The key thing is that once you have it...that you practice deploying it in various positions, otherwise, don't bother carrying it... 

I don't carry one, and generally don't see the need for one, as my boat is a trimaran, and unless I manage to hole all three hulls, I'm in no danger of sinking..


----------



## Tartan34C (Nov 21, 2006)

sailingdog said:


> I don't carry one, and generally don't see the need for one, as my boat is a trimaran, and unless I manage to hole all three hulls, I'm in no danger of sinking..


Not real familiar with multihulls. What happens if you hole one of the outerhulls? Don't you run the risk of capsizing?
All the best,
Robert Gainer


----------



## sailingdog (Mar 19, 2006)

Good question... not particularly... as each of the outer amas is designed to have three compartments... and unless I manage to hole the first two compartments on the ama, I can still sail it relatively safely.


----------



## hellosailor (Apr 11, 2006)

Paul, the only time I've been rammed has been well above the water line. Unless you are sheared into by a plumb bow, or run into debris, that's most liekly how you would be hit. So the first move is to heel the boat the other way, try to get the hole above waterline so you can inspect it. After that, you rig a crash mat (collison blanket) as best you can, if you need it. 
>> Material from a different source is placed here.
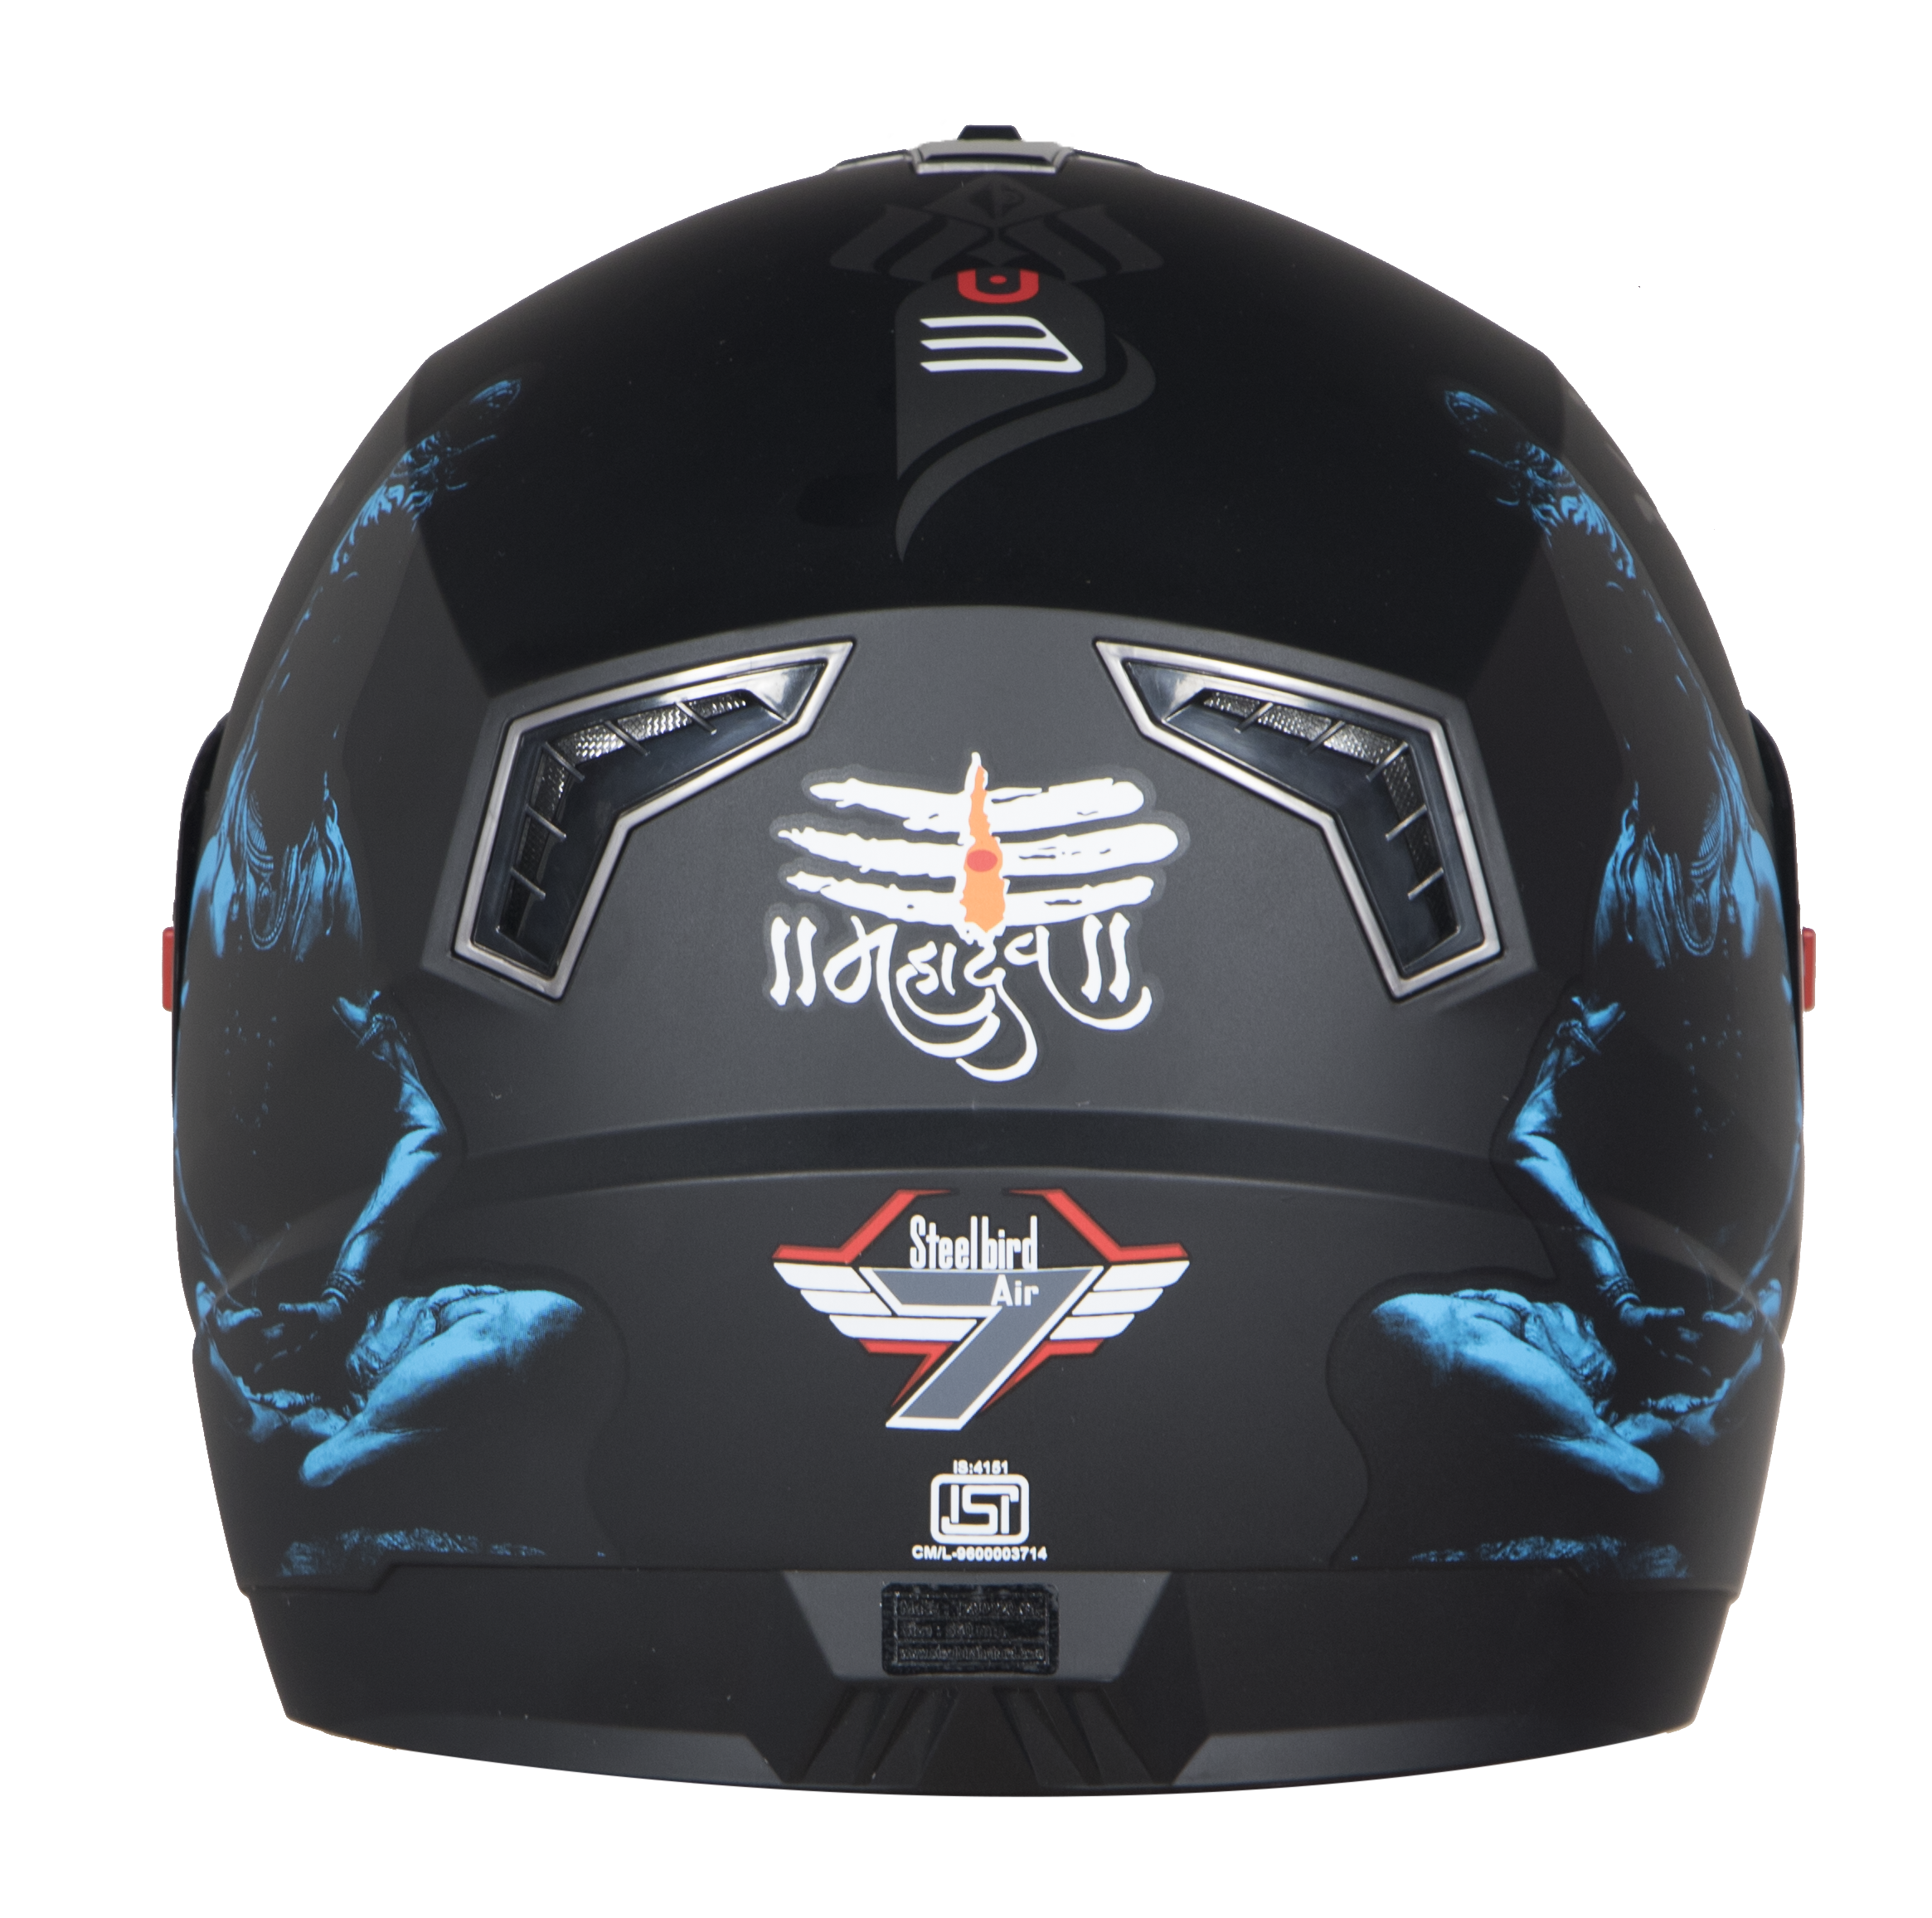 Steelbird SBA-1 Mahadev Full Face ISI Certified Graphic Helmet (Matt Black Blue With Chrome Blue Visor)
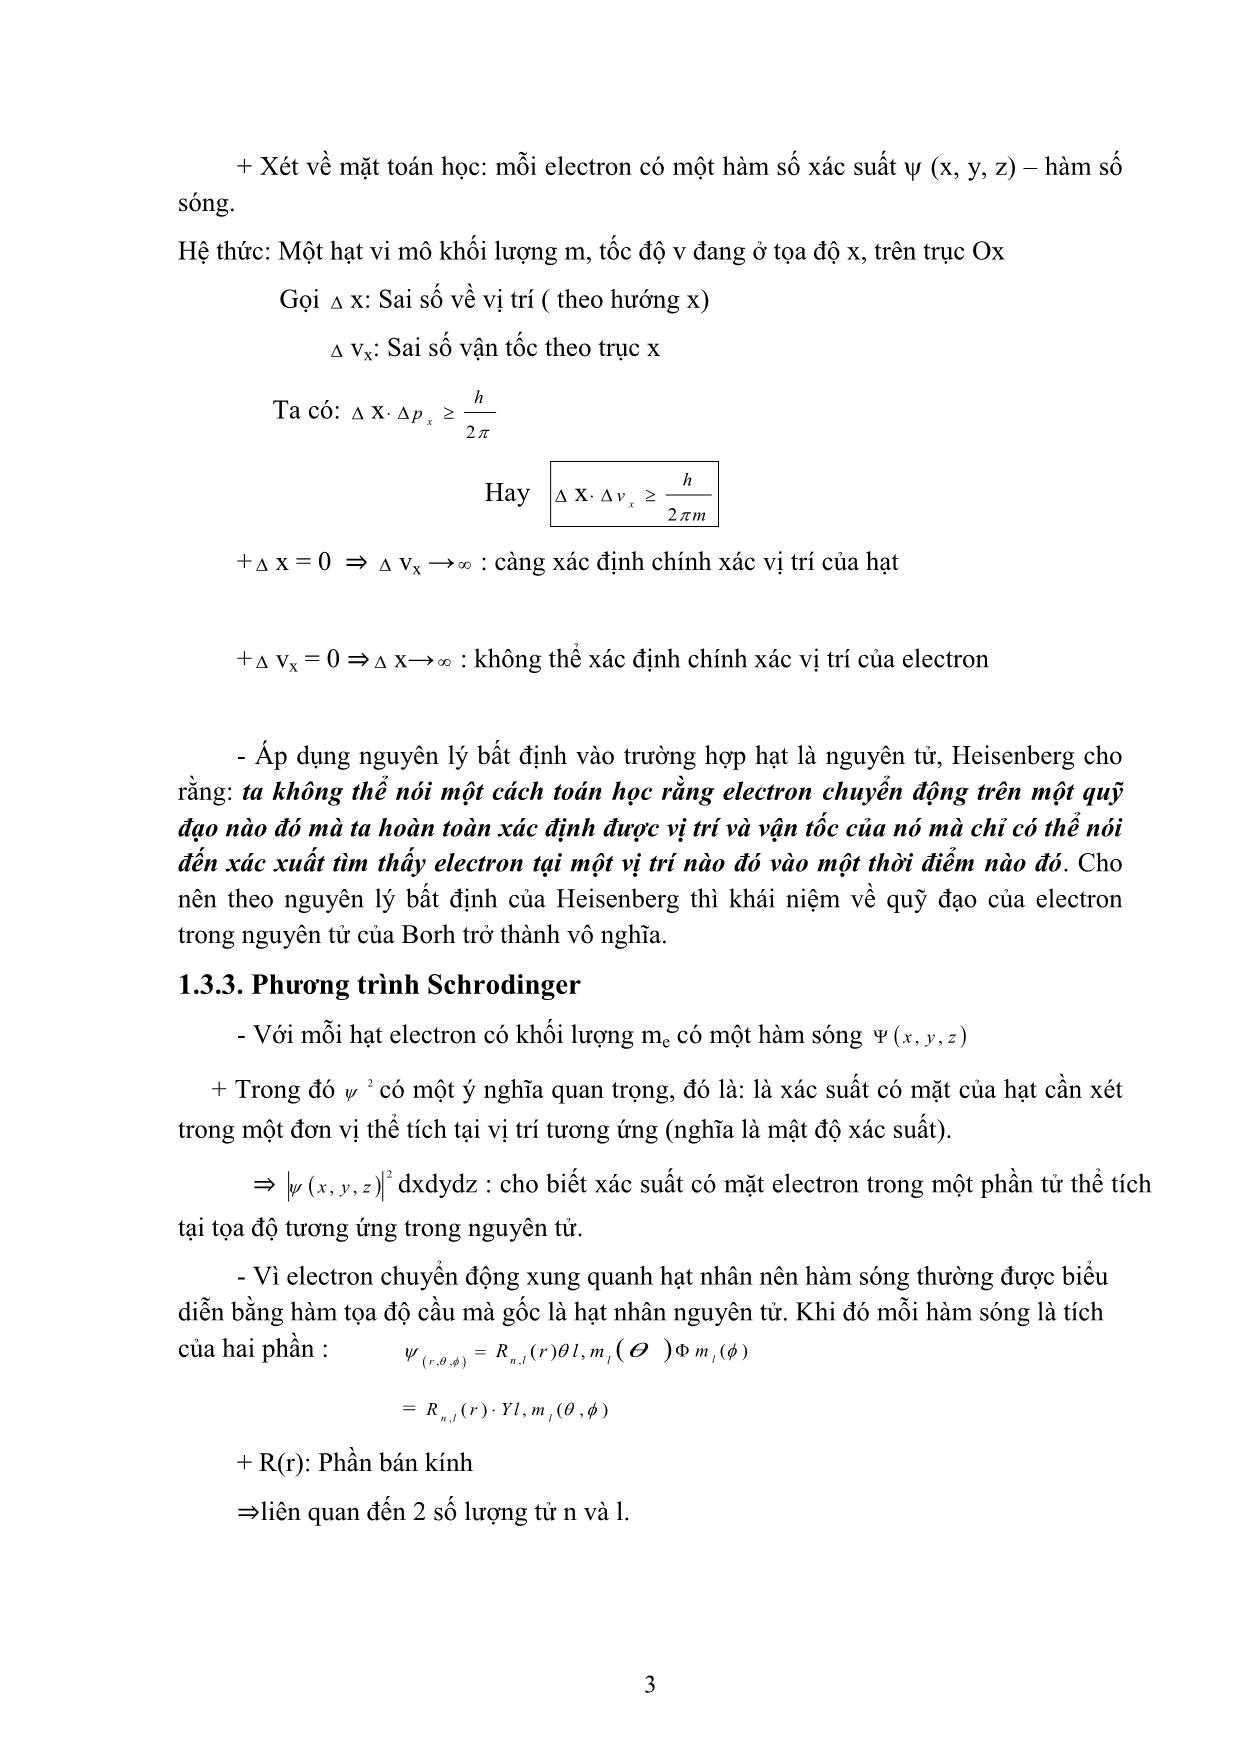 Bài giảng Hóa học đại cương A - Hoàng Hải Hậu (Phần 1) trang 8

If you have old sails, doubling them over and having a sailmaker put a heavy cringle in each corner is one way to make them. Better if you take a cockpit cushion (closed cell foam covered in vinyl) or settee cushion (same kind) and have the cringles put in, or one of the commercial mat-like fenders that you can buy with cringles already in them. A couple of extra cringles gives you more option in how to apply it. Remember the water will be trying to pull the whole thing off and apart if you are making way...so more and beefier cringles are probably a good idea.

A couple of cans of urethane foam probably could also be used as a sealant, i.e. applied (from inside, to the outside) around the hole. It seals up and bonds nicely, even in water. Mess to get it off, but I'd rather seal the hole first.


----------



## sailingdog (Mar 19, 2006)

Hellosailor-

You're assuming that they'll be able to access the area holed from the interior of the boat, which is often not the case with modern boats, that have built-in hull liners, and very little access to the actual interior of the hull.


----------



## hellosailor (Apr 11, 2006)

SD-
Hull liners are a whole other problem. Easily fixed by a roll of primer cord, no need for that dangerous fire axe.<G>

Actually...if I had to worry about a hull liner I'd say for sure to use urethane foam. Drill a 3/8" hole in the liner, shoot in a couple of cans of foam, form a nice cork right in place without having to chew away the hull liner.


----------



## paulk (Jun 2, 2000)

Thanks for all the input. Am thinking of getting our sailmaker to make up a hefty one - perhaps from an old dacron main. It occurs to me that with the triangular shape suggested by Rob G, we could also use it (or a section of it) as a parbuckle for bringing MOB back aboard.


----------